For enrolment to work incentives are required for both the providers and the patients. An enrolment fee can be paid to the provider. This already happens for Aboriginal and Torres Strait Islander (ATSI) people. Currently there are relatively small financial incentives to providers called the Practice Incentive Payments and the Workplace Incentive Program. These are already adjusted for age and gender. They can be adjusted for socio-economic status (SES) of the patient’s location, available already at the level of 30-60 dwellings called MESH blocks. This would recognise the extra work required by providers to address the generally more complex health issues of those of low SES. No MP or SGP would be worse off and over time these payments can be increased, expanded, and blended into a capitation payment per enrolled patient to negate the need for co-payments, and to include payment for the many health care providers other than the SGP. The final step could be to then stop fee-for-service payments altogether for enrolled patients, or at least to those being treated for chronic diseases.
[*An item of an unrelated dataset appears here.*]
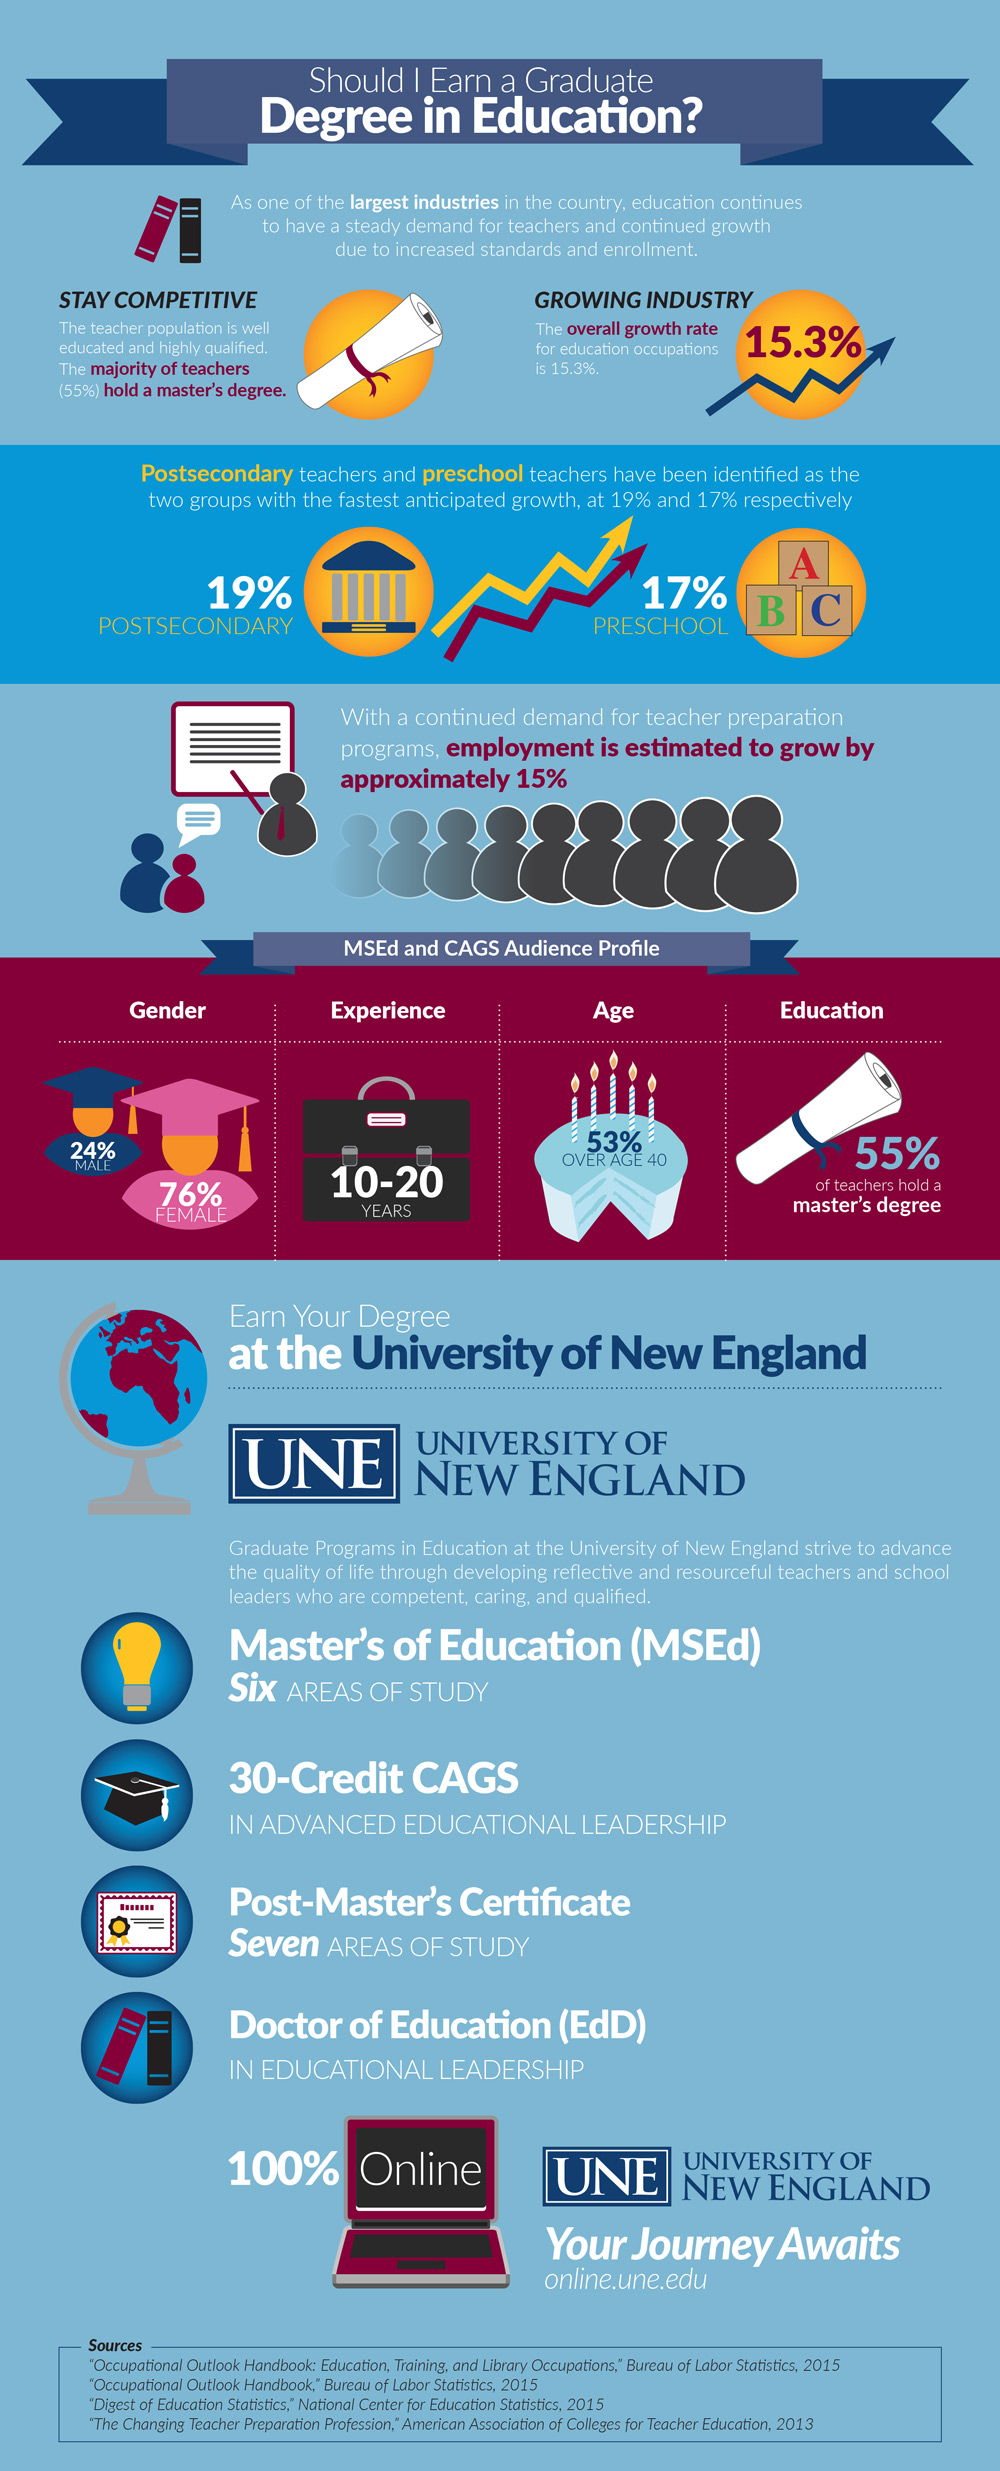 UNE Online Education MSE Infographic

Rorting is so much harder in a salaried service. Under servicing could be an issue particularly in smaller medical centres but as in public hospitals, one is working in a team and under servicing is likely to be called out.
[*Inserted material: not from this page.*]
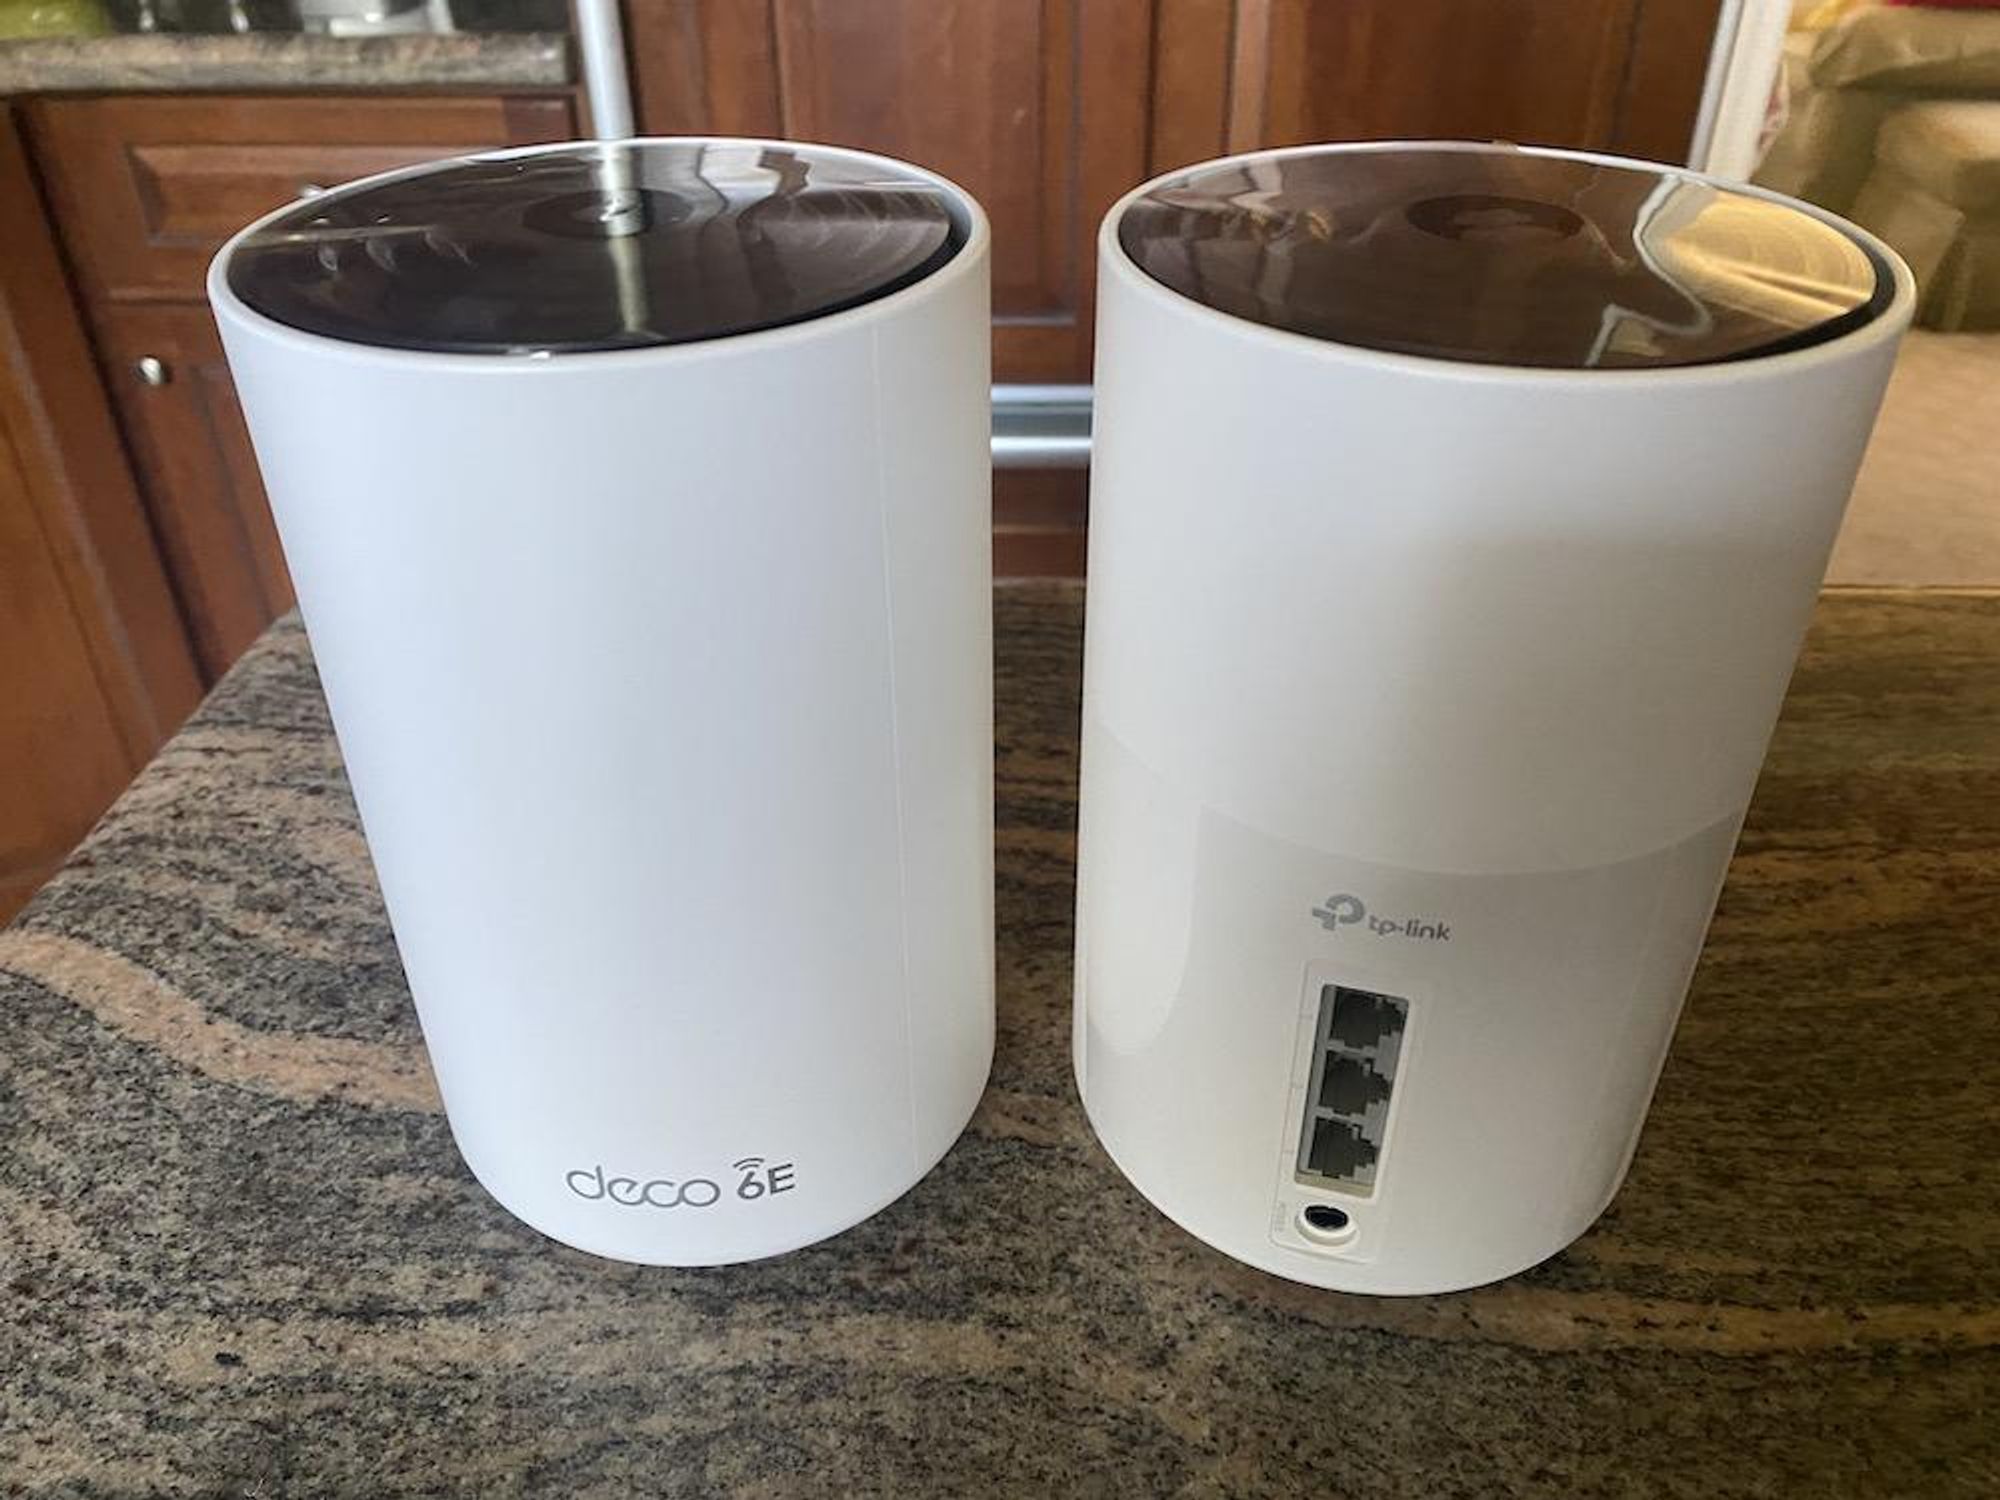 TP-Link Deco XE75 Review: FAST, Affordable Mesh WiFi 6E EVERYWHERE In Your  Home!

How does the patient benefit? The initial payment for enrolment needs to be partly and variably contingent upon delivering certain levels of continuous care to the patient. This already occurs with ATSI patient payments. The additional payments could then also be made contingent on such care.
Hospital and non GP specialist care
The other area that is begging for a revamp is hospital and non GP specialist care. This is expensive. Public hospital care proves one doesn’t need the fee-for-service model to get quality. We need to directly fund more non GP specialists on salaries in publicly funded hospital facilities and in the community. Prohibitive, inequitable co-payments cease. Rorting disappears. Patients are treated in a timely manner. The private health insurance rebate can be gradually reduced to fund this expansion of non GP specialist care and of an expanded PHC.
The big picture
Ultimately however, the grossly inefficient debacle of Federal, State and Territories, and Local Government funding of health services needs to be addressed. A National Health Care Reform Commission needs to be established as the single funder of public health care, independent of politicians and the many stakeholder groups. Charged with distributing funds on the basis of need, it would be a long- term project. Politicians only decisions would be how much to fund the total health care budget and who to appoint to the Commission.
As well as the Commission we need a restoration of Health Workforce Australia and a Preventive Health Agency because without developing our workforce nothing can happen, and without prevention we are asking for a tsunami of preventable illness and death.
The first steps could start now or at least with the next budget especially given that the first steps are not expensive. It would take vision and leadership from Labor. Despite the AMA’s commitment to patient enrolment, they would object to capitation and other changes because it reduces doctors’ autonomy even if most SGPs could be financially better off. The PHI industry and private hospital industry would object because it would very simply affect their bottom line i.e., profits. But our health services should be first and foremost about patients. Our system, a revamped Medicare should be focused primarily on patient need, not on the antiquated view of some providers as to how a 21St century health system should be.
It is all possible. It is a process which can be started now with little cost. The lives of our patients depend on reform. Our society can be healthier. We can have a health system rather than an inequitable, inefficient, unco-ordinated collection of health services. We have dedicated health providers. We are wasting their talents and both our patients and our country are losing out.